ACTIVITY: Look below for the line with "Penjelasan Gerindra soal" and the line with "Cute Top & Stripe Skirt"; repeat exactly those two lines and all lines between them, but no pictures.

DATA EXCERPTS:
============
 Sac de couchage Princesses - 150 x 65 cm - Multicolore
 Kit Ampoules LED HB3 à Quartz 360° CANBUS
============
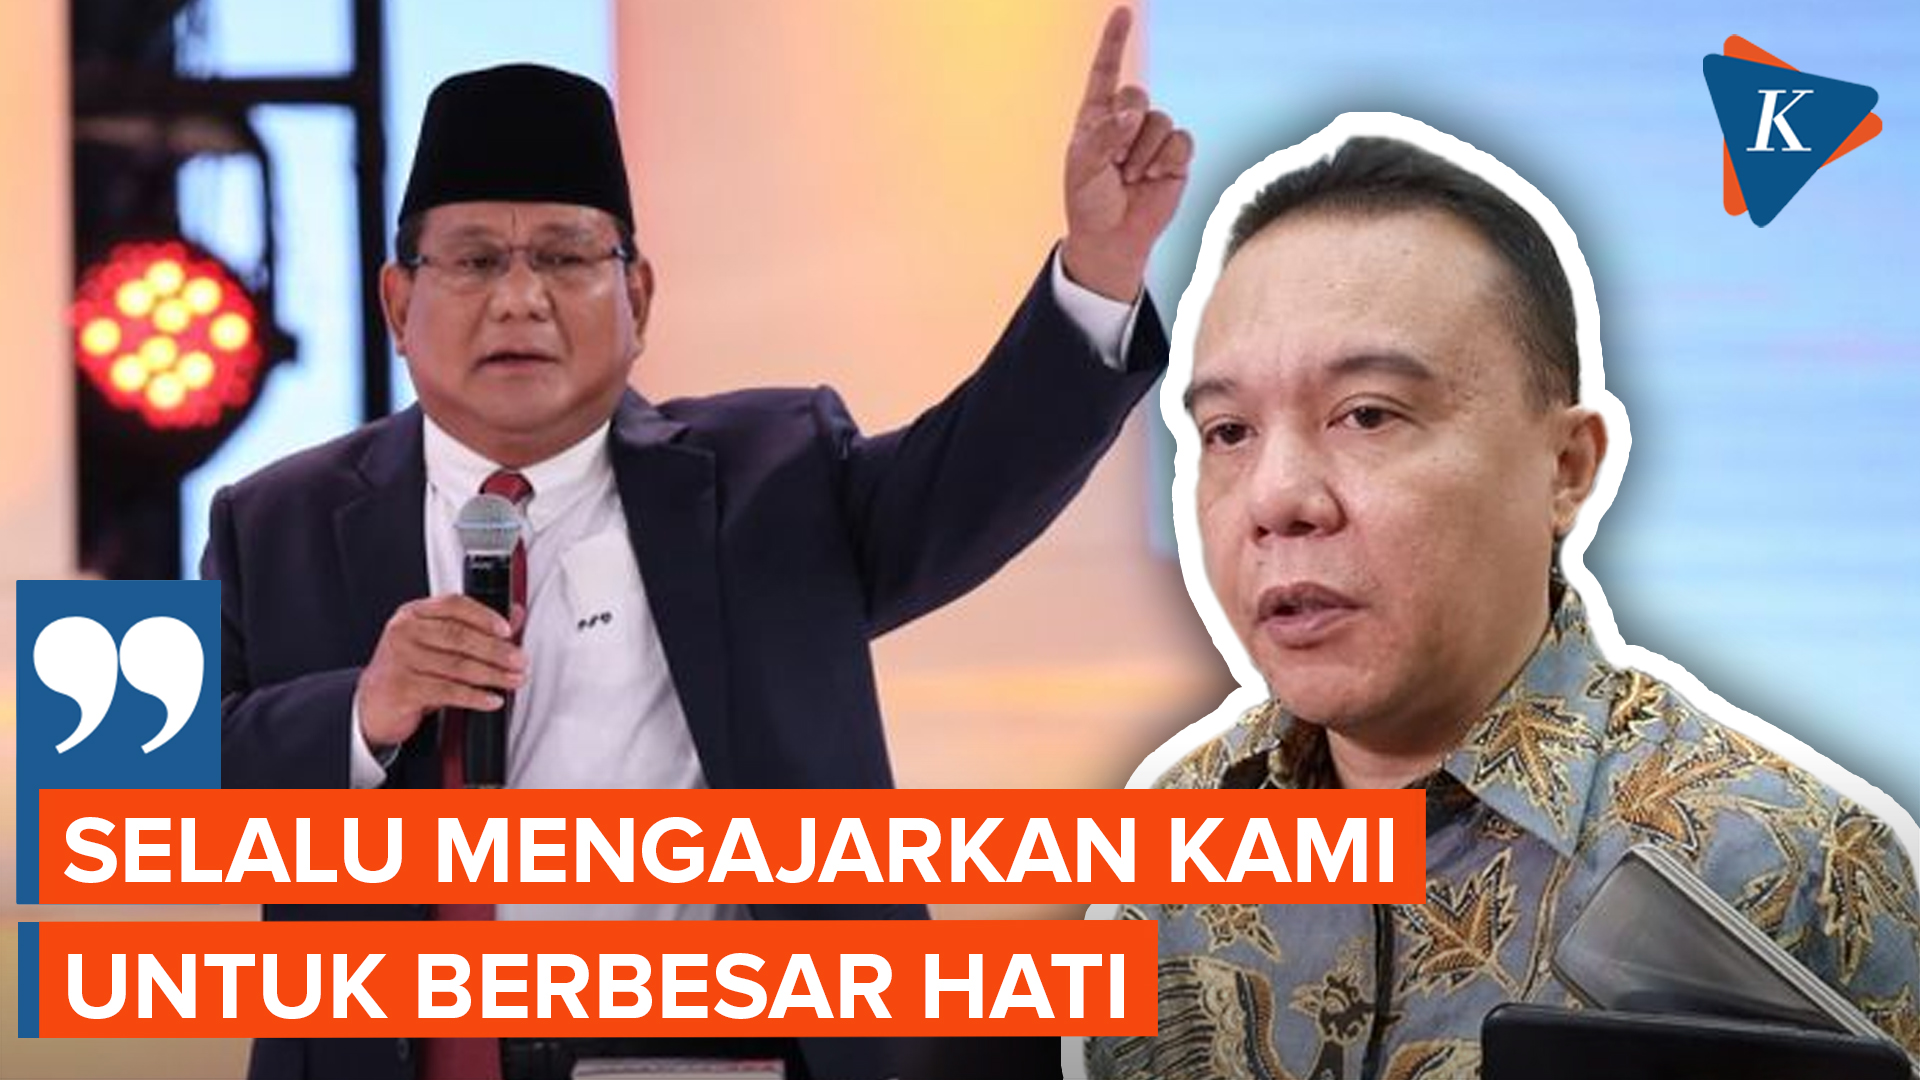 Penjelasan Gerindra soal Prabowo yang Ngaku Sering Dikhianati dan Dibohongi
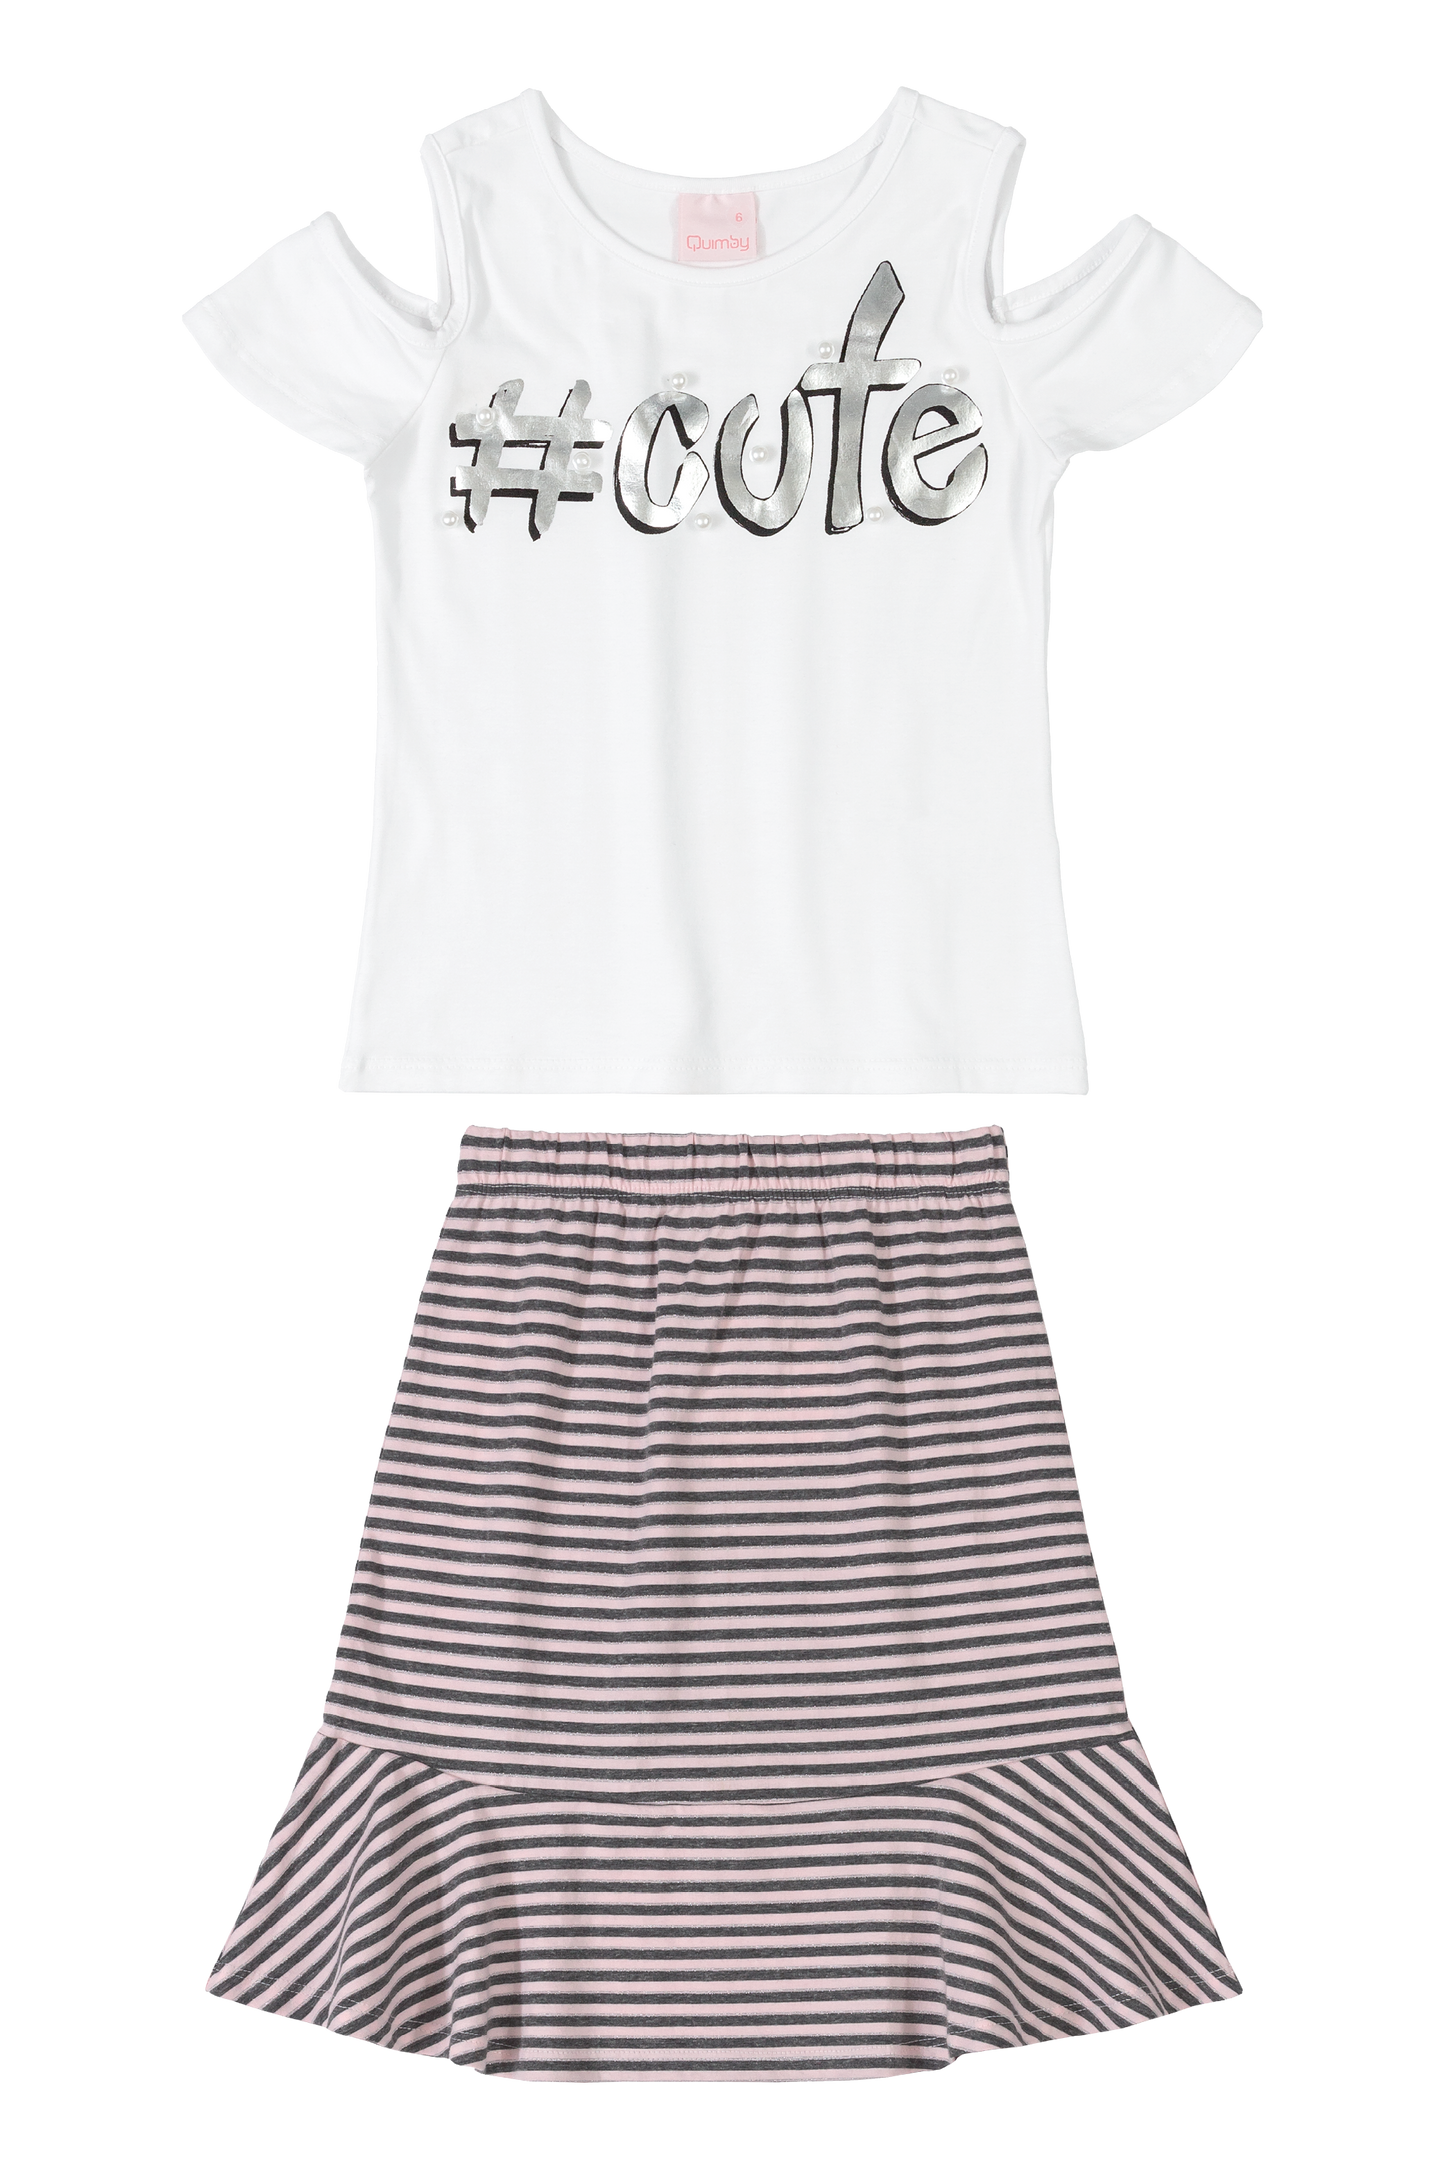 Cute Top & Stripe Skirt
============
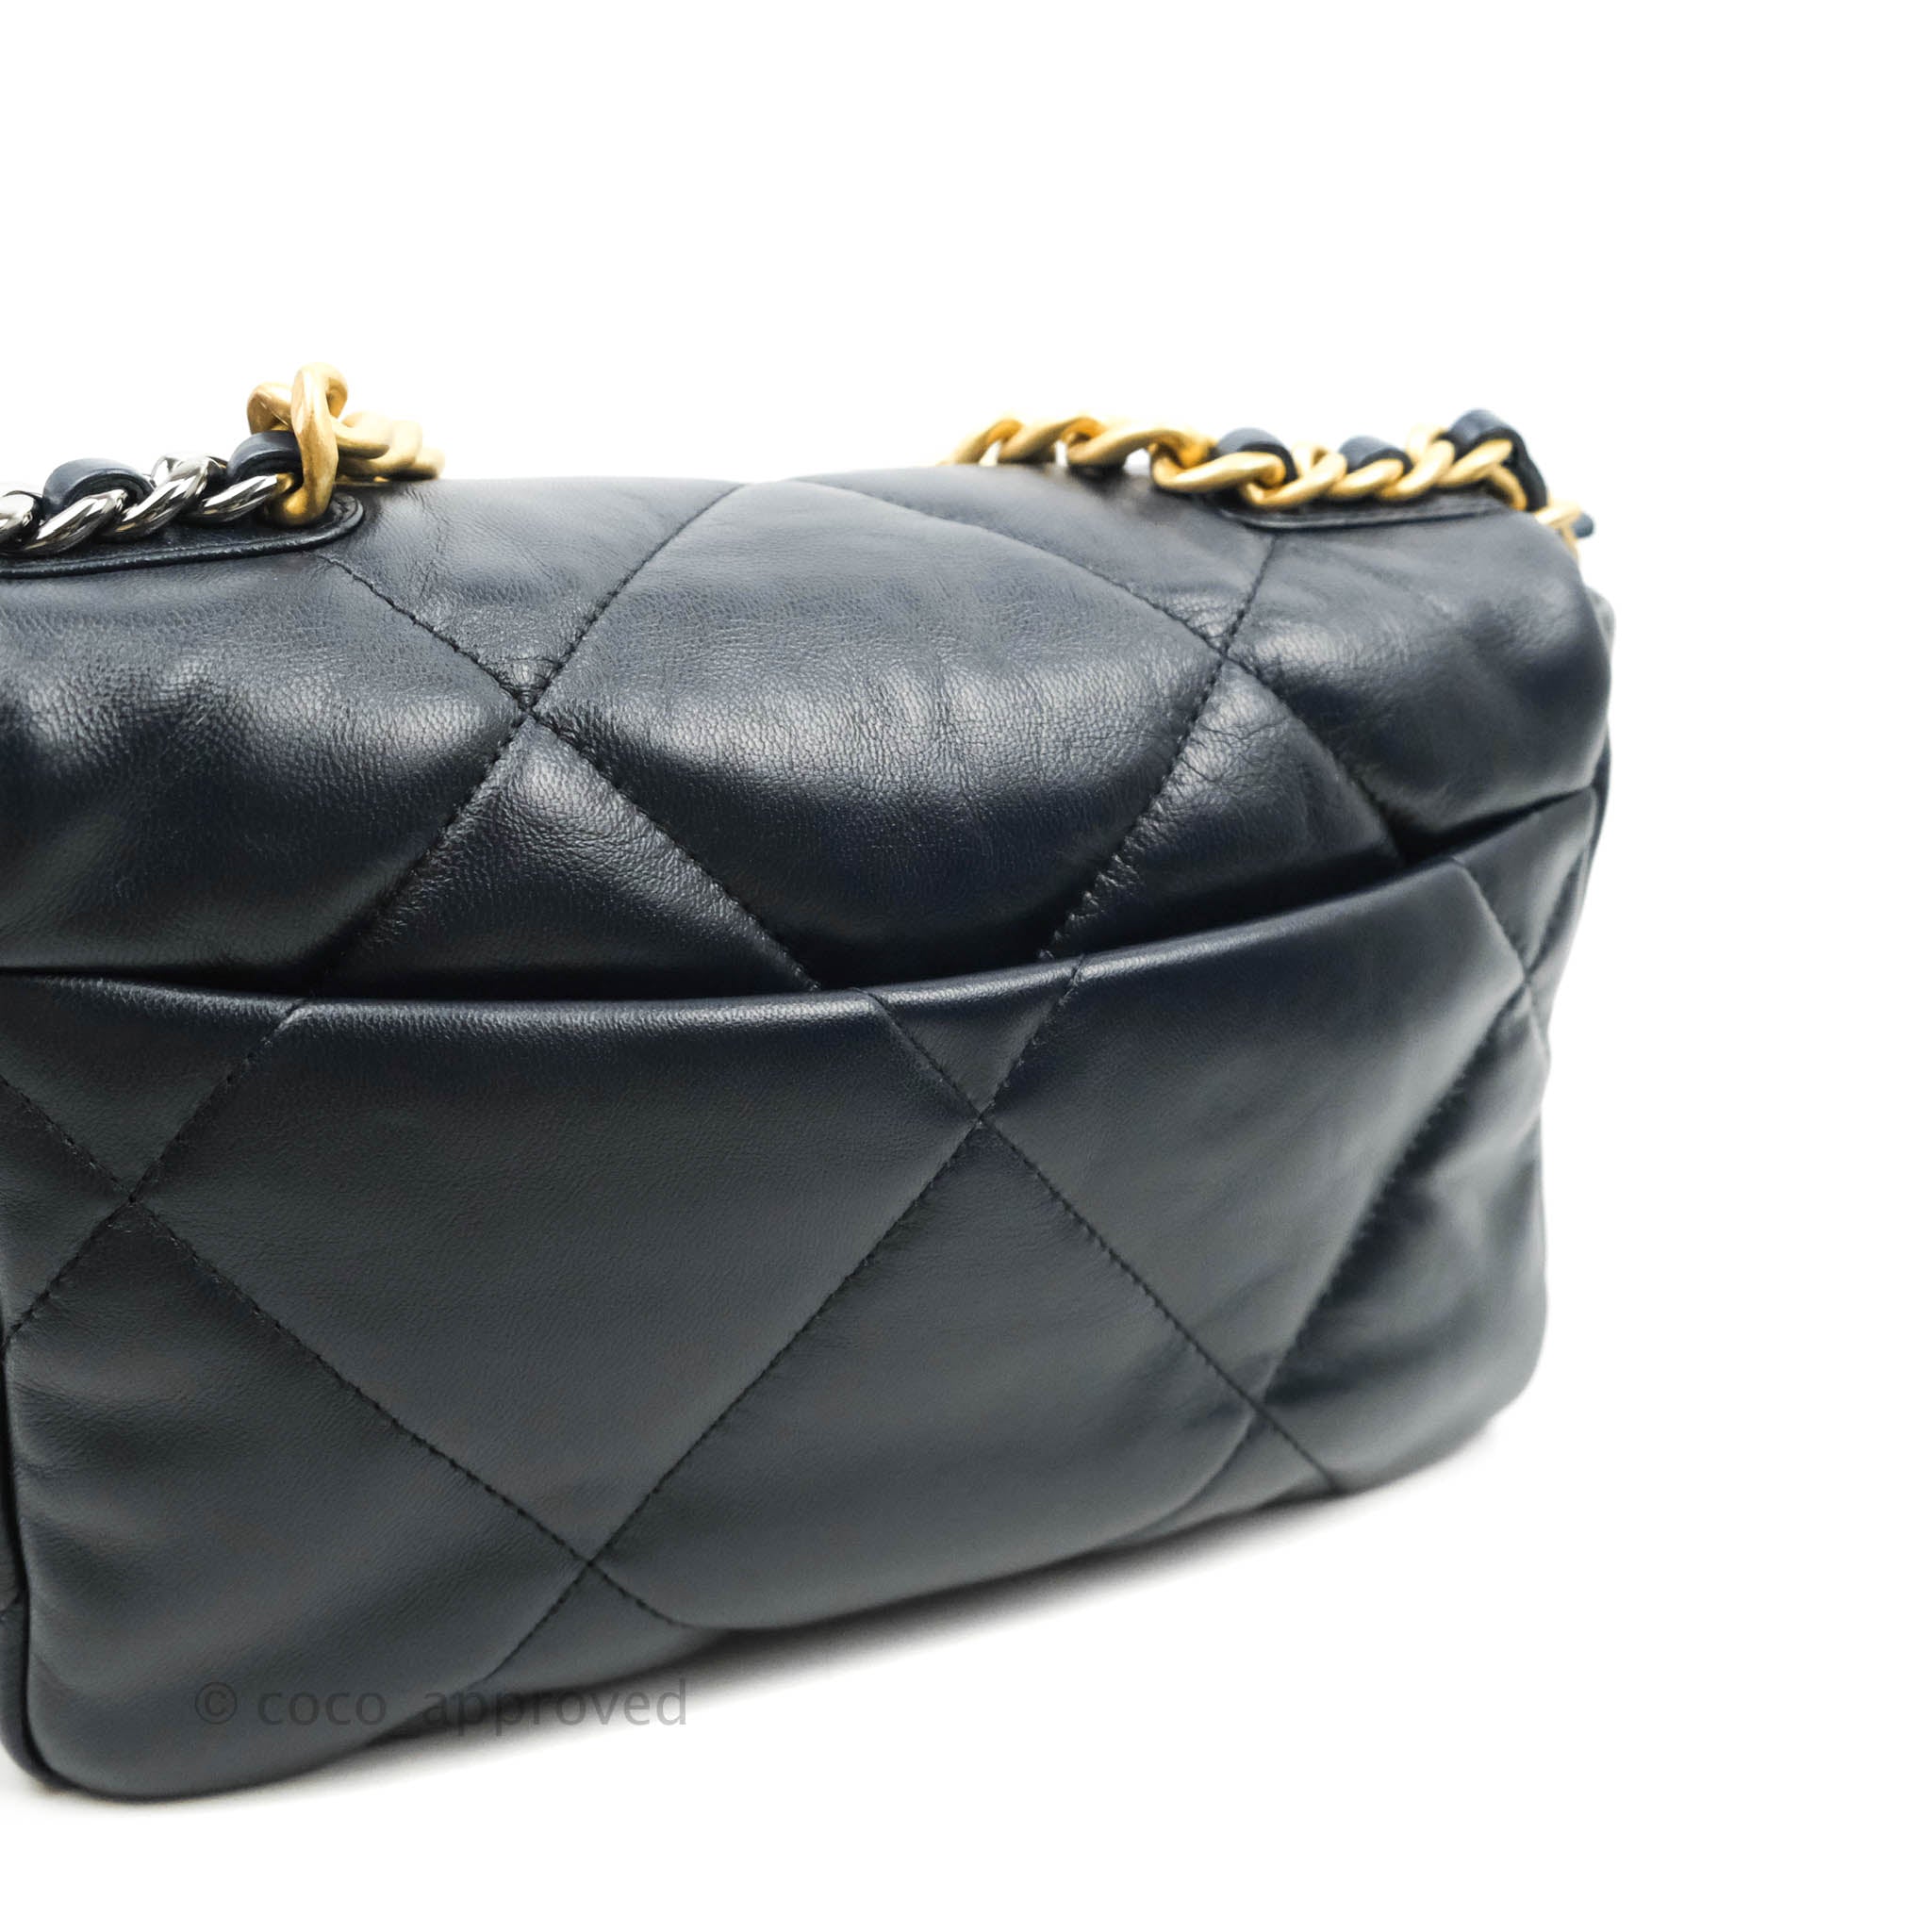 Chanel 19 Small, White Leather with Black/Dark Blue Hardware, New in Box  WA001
============
ANSWER BELOW:
 Penjelasan Gerindra soal Prabowo yang Ngaku Sering Dikhianati dan Dibohongi
 Cute Top & Stripe Skirt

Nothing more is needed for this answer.